● Source data:
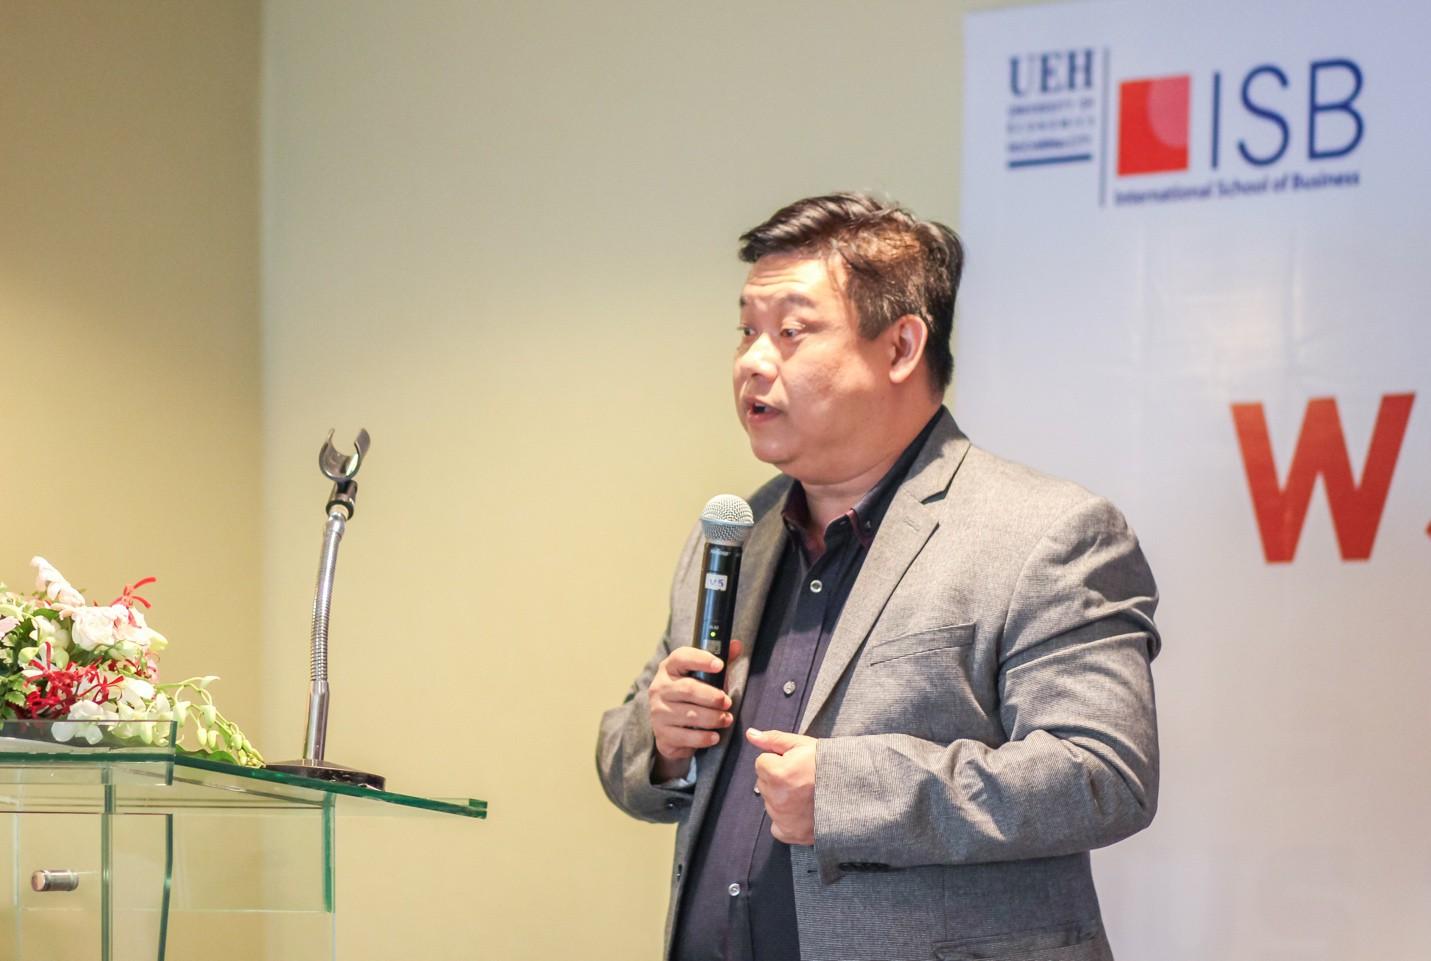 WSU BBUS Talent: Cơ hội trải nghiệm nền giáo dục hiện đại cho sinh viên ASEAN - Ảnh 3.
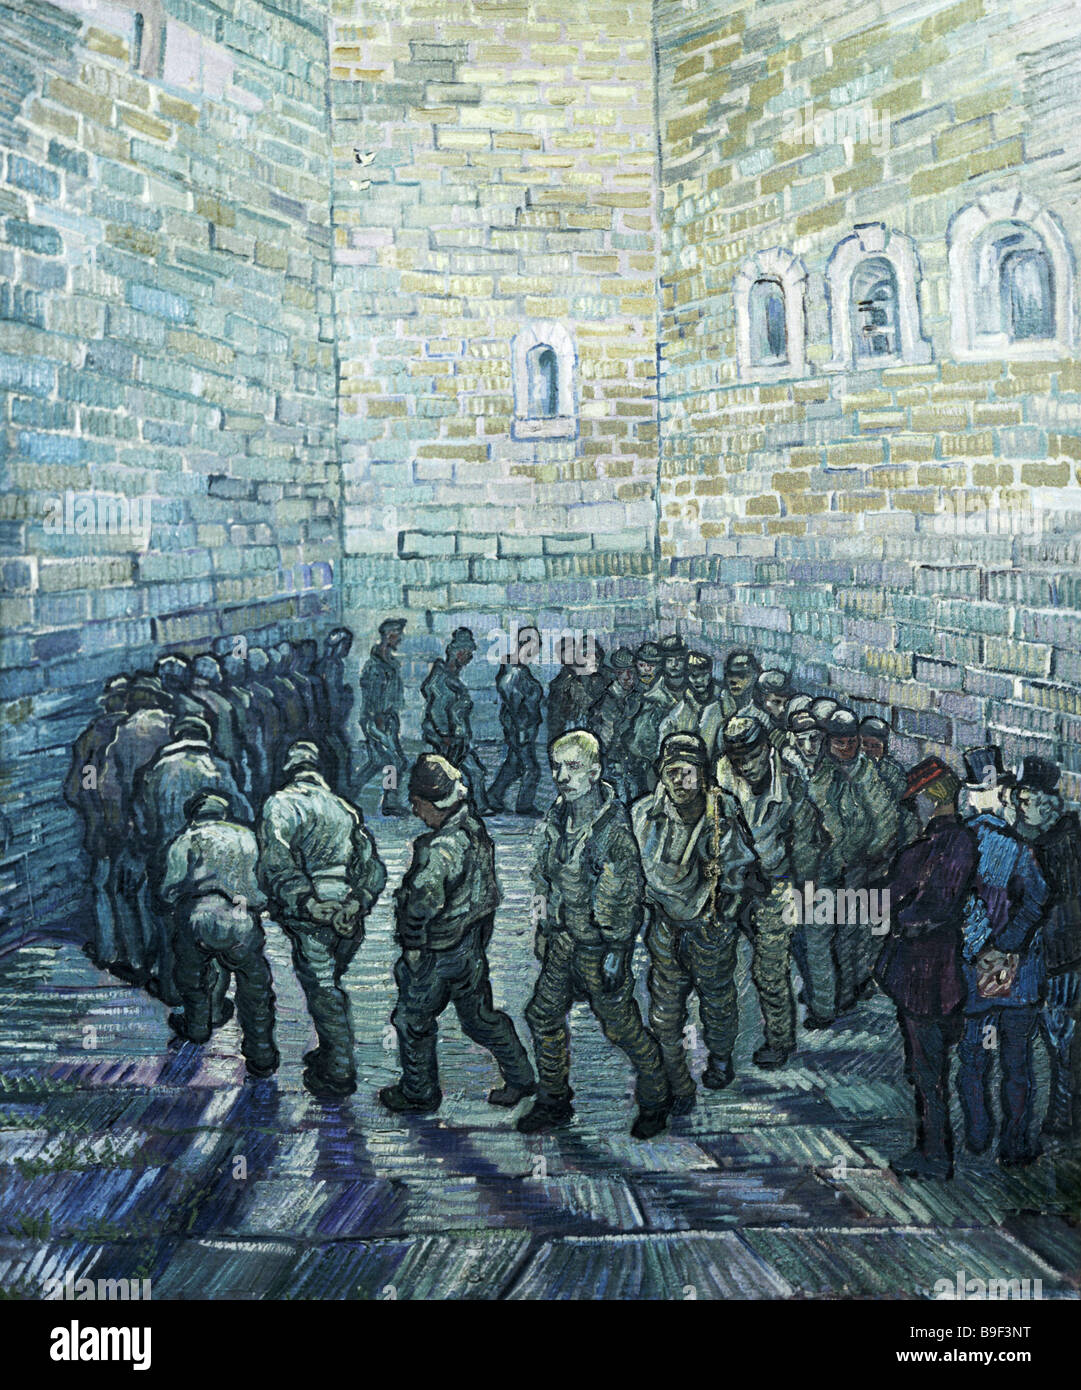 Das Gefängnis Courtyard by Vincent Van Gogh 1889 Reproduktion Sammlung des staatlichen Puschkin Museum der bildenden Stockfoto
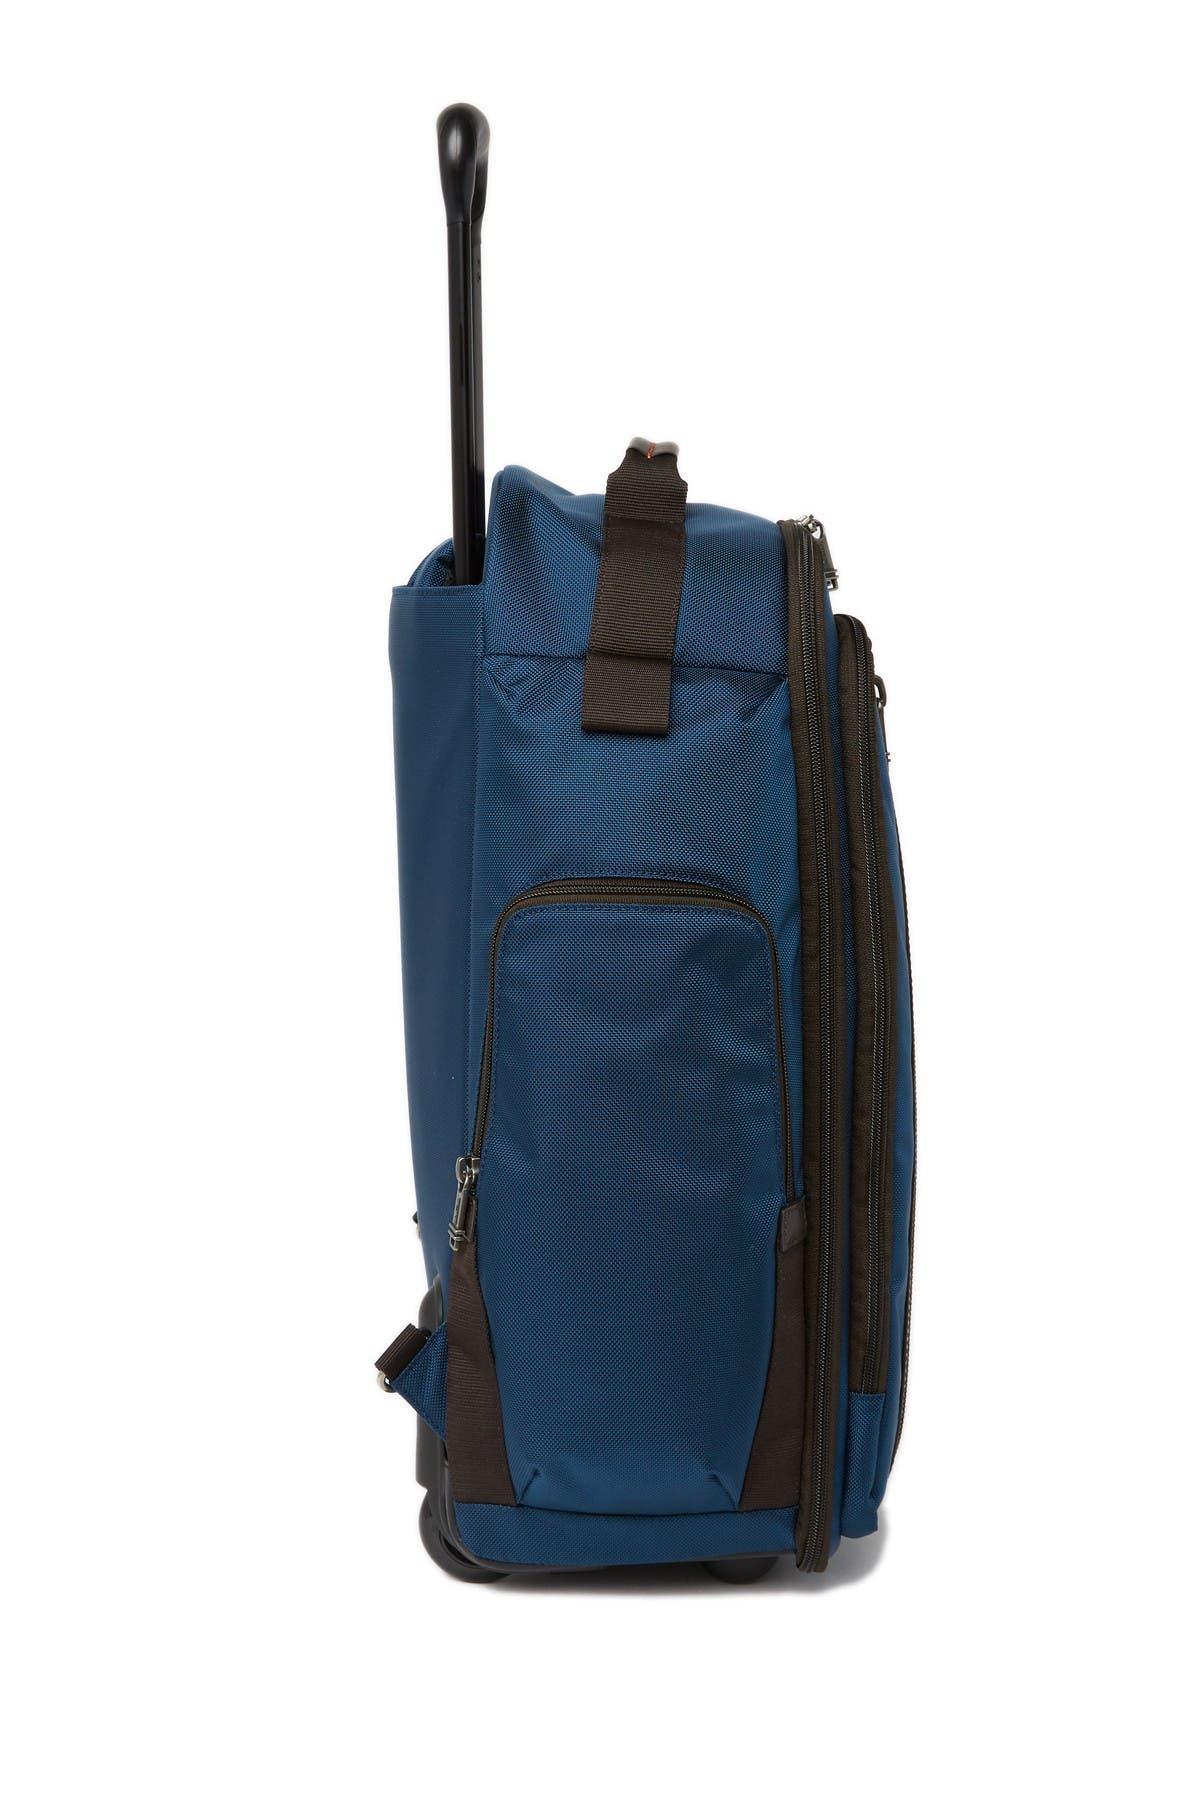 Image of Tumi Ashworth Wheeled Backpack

● What the task asks: Word for word, restate all of the data, but do not copy the pictures.

● Problem solution:
 WSU BBUS Talent: Cơ hội trải nghiệm nền giáo dục hiện đại cho sinh viên ASEAN - Ảnh 3.
 Das Gefängnis Courtyard by Vincent Van Gogh 1889 Reproduktion Sammlung des staatlichen Puschkin Museum der bildenden Stockfoto
 Image of Tumi Ashworth Wheeled Backpack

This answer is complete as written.